Review the full contest rules:

  1. Entrants must be natural persons, current US residents, and 18 years of age or older, except that entrants may not be a regent, officer, employee, fellow, intern, research associate, or volunteer of the Smithsonian Institution or a member of any of the foregoing’s immediate family or household.
  1. To win, be among the first five people on Facebook to comment “I heart Happiness” on a post about the contest, to be shared at 12 pm on Thursday, July 14, 2016. The contest is associated with the first film in the Freer|Sackler’s Twenty-First Annual Made in Hong Kong Film Festival.
  1. One entry per person. Multiple entries are void.
  1. The Smithsonian will award the same prize to five people. The winner and one guest together will receive a meet-and-greet with actors Kara Wai and Carlos Chan on July 15, 2016, at 6:15 pm, as well as two reserved seats at the film Happiness at 7 pm that evening (all times Eastern). Both events are held at the Warner Brothers Theater in the National Museum of American History at 14th St and Constitution Ave NW, Washington, DC 20001. Winners are responsible for any costs, including their travel to the prize events, associated with acceptance and usage of the prize.
  1. Smithsonian will notify winners via Facebook. Failure to respond within 24 hours means the winner forfeits the prize. Winners may be required to execute an affidavit of eligibility, publicity and liability release. Winners may not request prize substitution.
  1. The Smithsonian will announce the winners by name on Facebook.
  1. All entrants hold the Smithsonian, its regents, officers, employees, fellows, interns, research associates, and volunteers, as well as Facebook, harmless from and against all claims of any nature arising in connection with entrant’s participation in the contest, acceptance or use of prize. The Smithsonian and its regents, officers, employees, fellows, interns, research associates, and volunteers are not liable for any costs, damages, injuries, or other claims incurred as a result of entrants’ participation in the contest or winner’s acceptance and usage of the prize.
  1. The Smithsonian is not responsible for incomplete or misdirected entries, technical or network malfunctions or failures, or causes beyond its control. The Smithsonian reserves the right to disqualify any entrant whose entry or conduct appears in any way to: inhibit the enjoyment of others; tamper with the competition; violate these Rules; infringe on the rights of third parties; or act in an unsportsmanlike or disruptive manner. The Smithsonian reserves the right to cancel the contest or modify these rules at any time for any reason at its discretion. In the event of a dispute regarding the winners, the Smithsonian reserves the right to award or not award the prizes in its sole discretion. By entering this contest, entrants agree to be bound by these Rules and the decisions of the Smithsonian, which are final and binding in all respects. No purchase necessary to enter or win. Contest void where prohibited. Winner is responsible for all taxes on the prize, if any.
  1. This contest is in no way sponsored, endorsed, or administered by, or associated with Facebook, and entrants cannot hold Facebook responsible in any way.

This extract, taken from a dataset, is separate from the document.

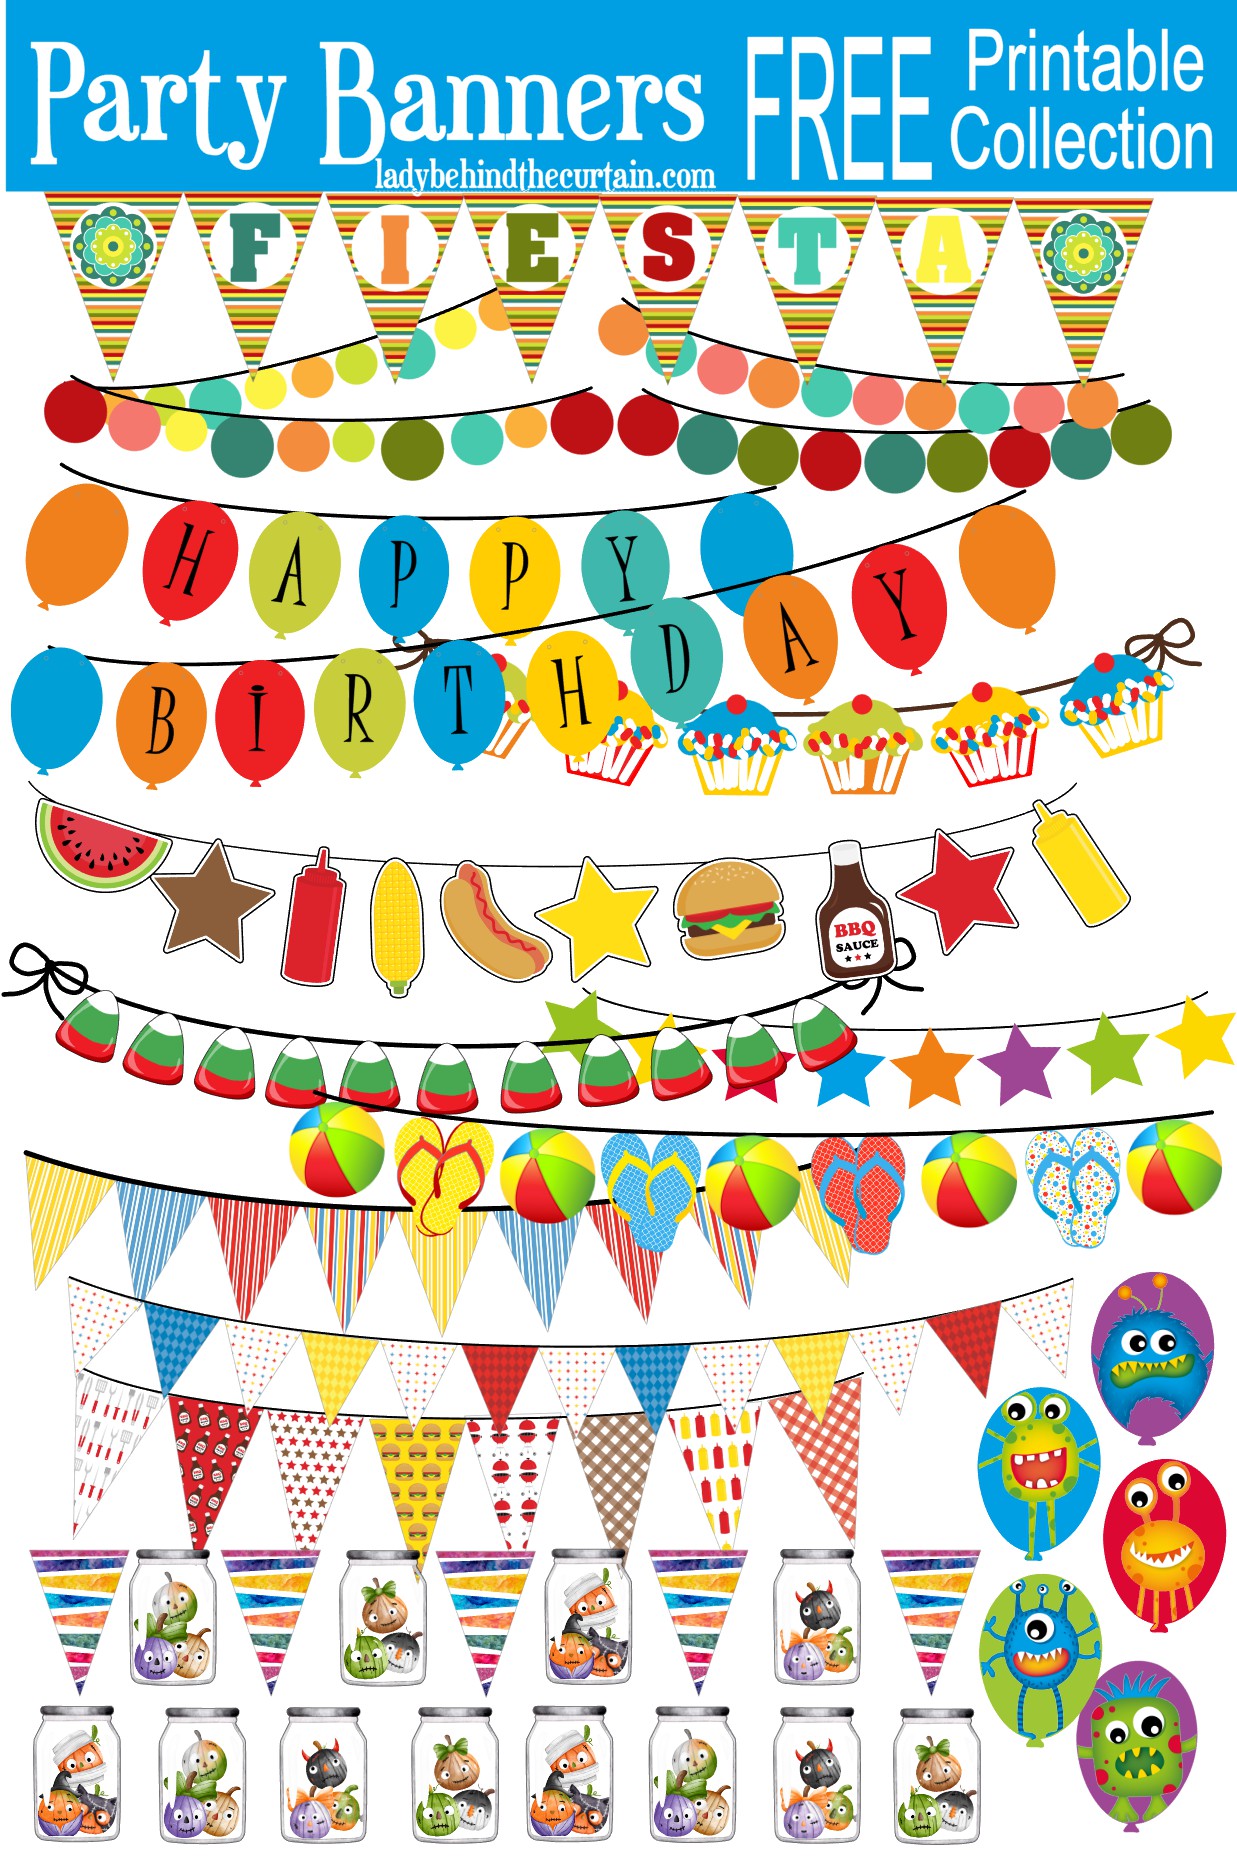 Party Banners For Every Occasion FREE Printable Collection

Kicking off Made in Hong Kong

"My Young Auntie" screens Sunday, July 17, at 2 pm.

“My Young Auntie” screens Sunday, July 17, at 2 pm.

The Made in Hong Kong Film Festival is the Freer|Sackler’s longest-running annual event. This year, we are kicking off in unprecedented fashion with the world premiere of the film Happiness on July 15. Not only that, its stars Carlos Chan and Kara Wai will be on hand to celebrate, join an audience Q&A, and sign autographs. Hong Kong-heads will know Wai from her days as a butt-kicking martial arts heroine in many wonderful Shaw Brothers films. She will also join us on July 17 at a screening of one of her most famous films, My Young Auntie, for which she won her first Hong Kong Film Award.

Opening weekend is just the beginning, however. The last year has been an exciting one for Hong Kong cinema. Stephen Chow’s latest outrageous comedy The Mermaid broke box office records, the low-budget dystopian sci-fi omnibus Ten Years rose shackles on the mainland while resonating with Hong Kongers, and eminence grise Johnnie To finally released his very first musical, Office. All this and more awaits you at the National Museum of American History’s state of the art Warner Brothers Theater, where our festival will screen this summer.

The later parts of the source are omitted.